→ **About this task**
Copy the listing exactly, images excluded.

[Supplied material Boundary: Start]

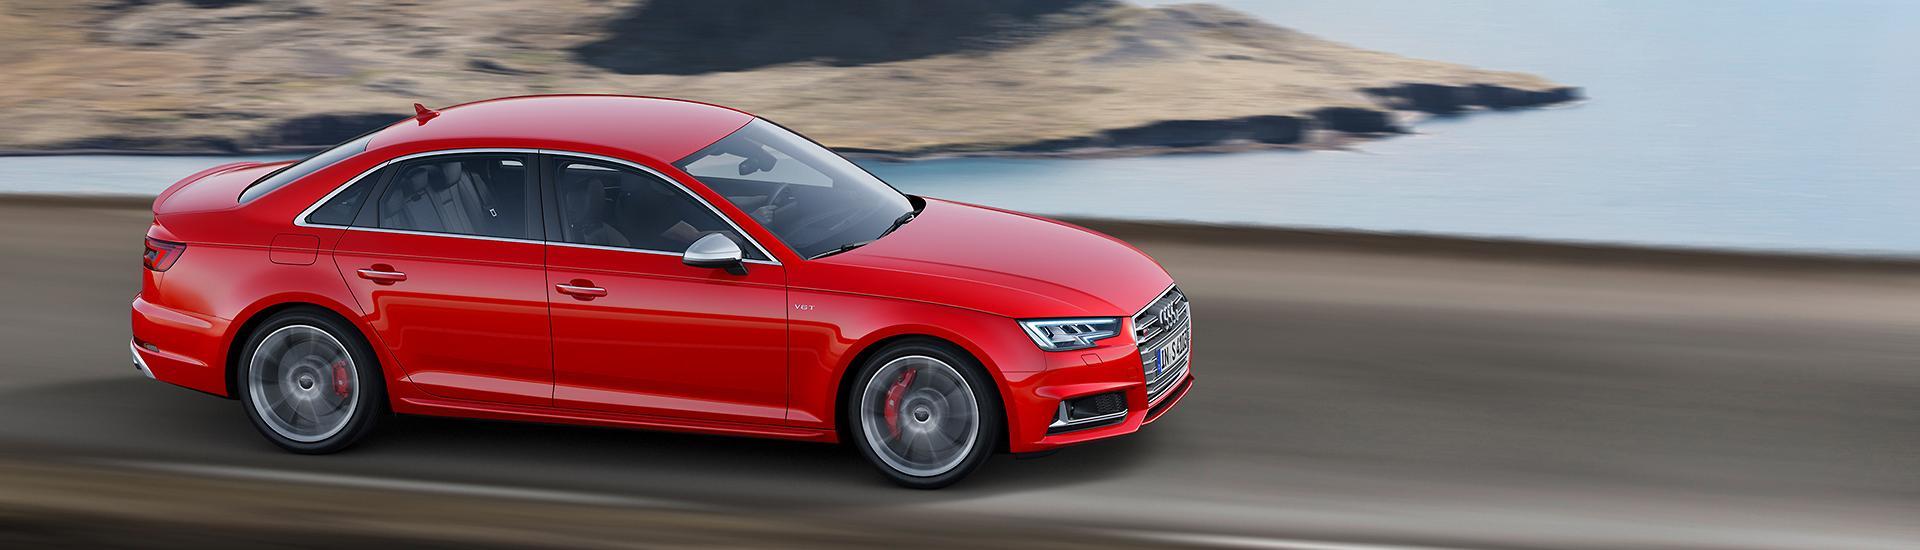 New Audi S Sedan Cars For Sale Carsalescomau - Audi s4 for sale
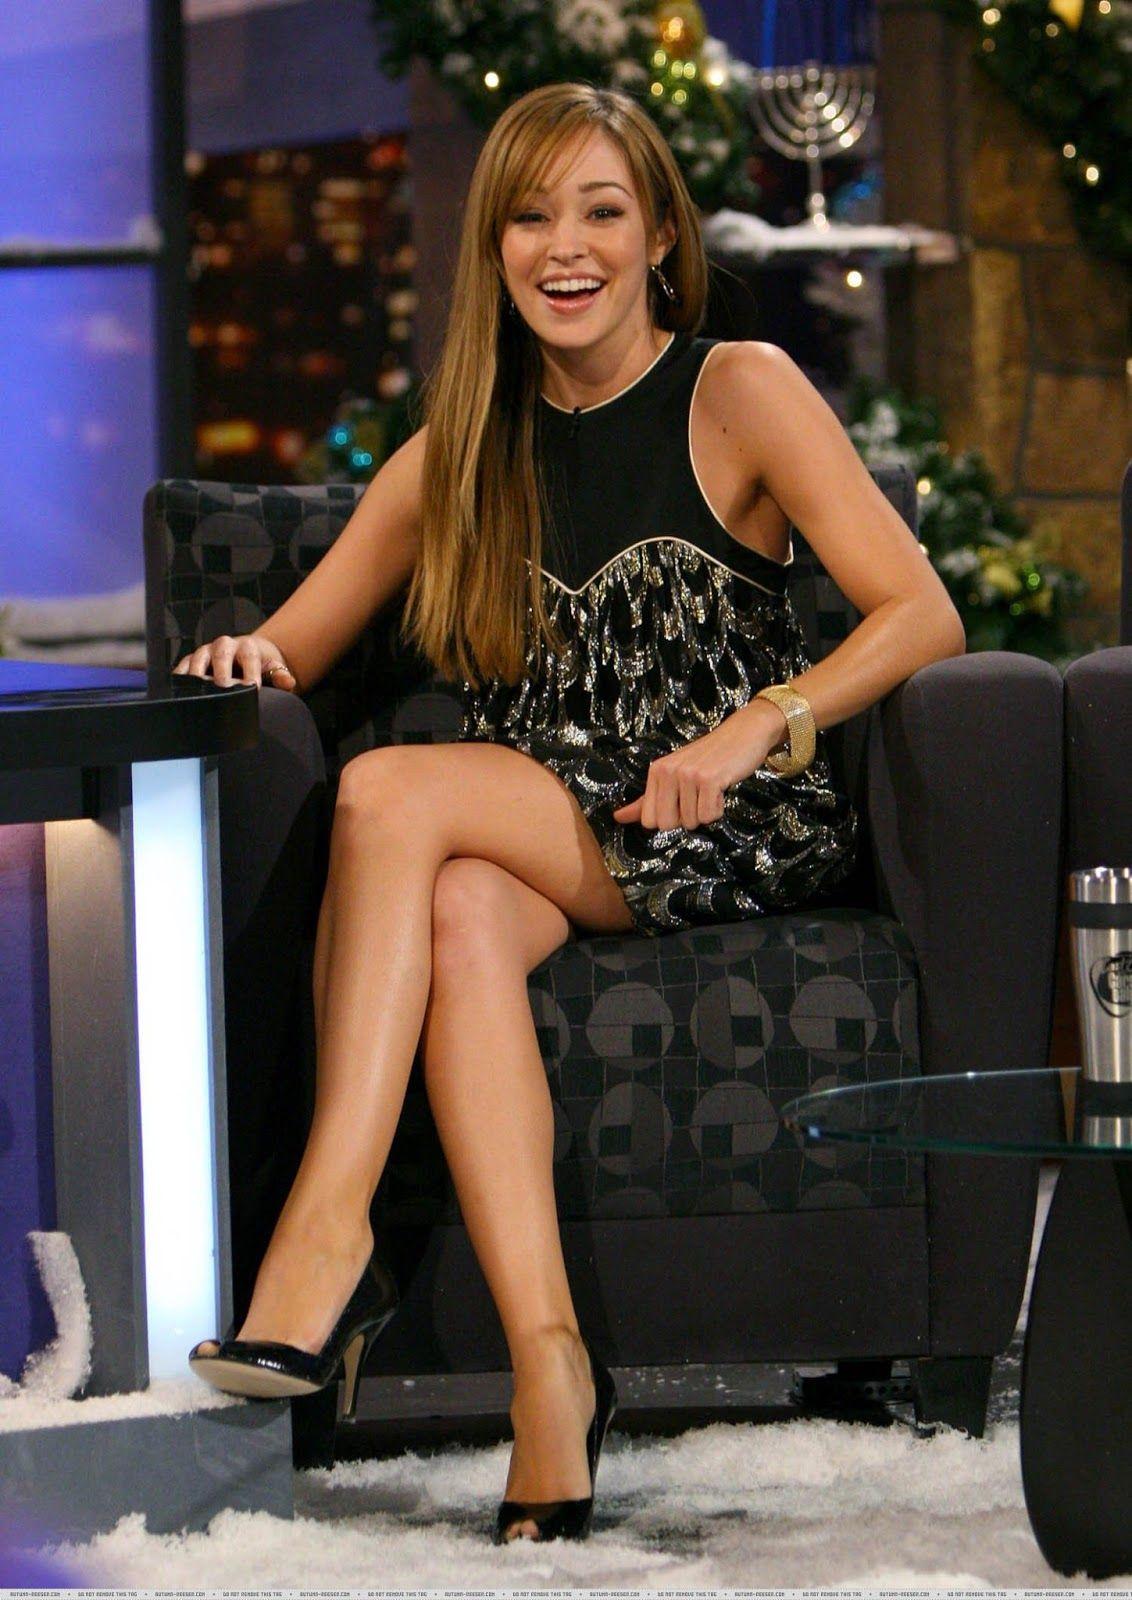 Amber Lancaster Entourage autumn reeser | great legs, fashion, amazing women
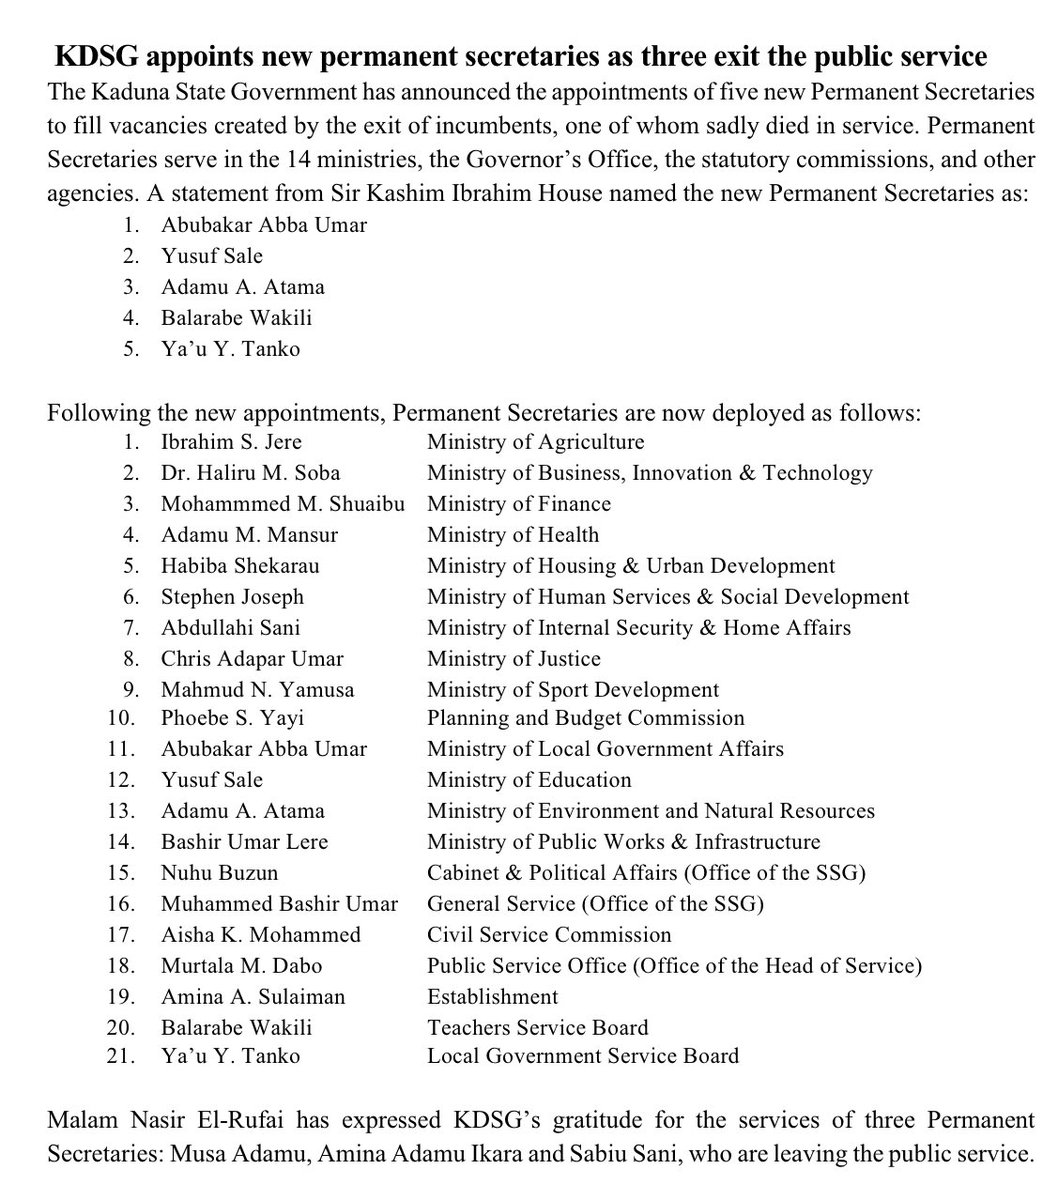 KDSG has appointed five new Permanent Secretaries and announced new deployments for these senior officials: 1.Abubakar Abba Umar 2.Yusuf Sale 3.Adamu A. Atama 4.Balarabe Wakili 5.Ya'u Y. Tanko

[Supplied material Boundary: End]

→ **Exercise output**
 New Audi S Sedan Cars For Sale Carsalescomau - Audi s4 for sale
 Amber Lancaster Entourage autumn reeser | great legs, fashion, amazing women
 KDSG has appointed five new Permanent Secretaries and announced new deployments for these senior officials: 1.Abubakar Abba Umar 2.Yusuf Sale 3.Adamu A. Atama 4.Balarabe Wakili 5.Ya'u Y. Tanko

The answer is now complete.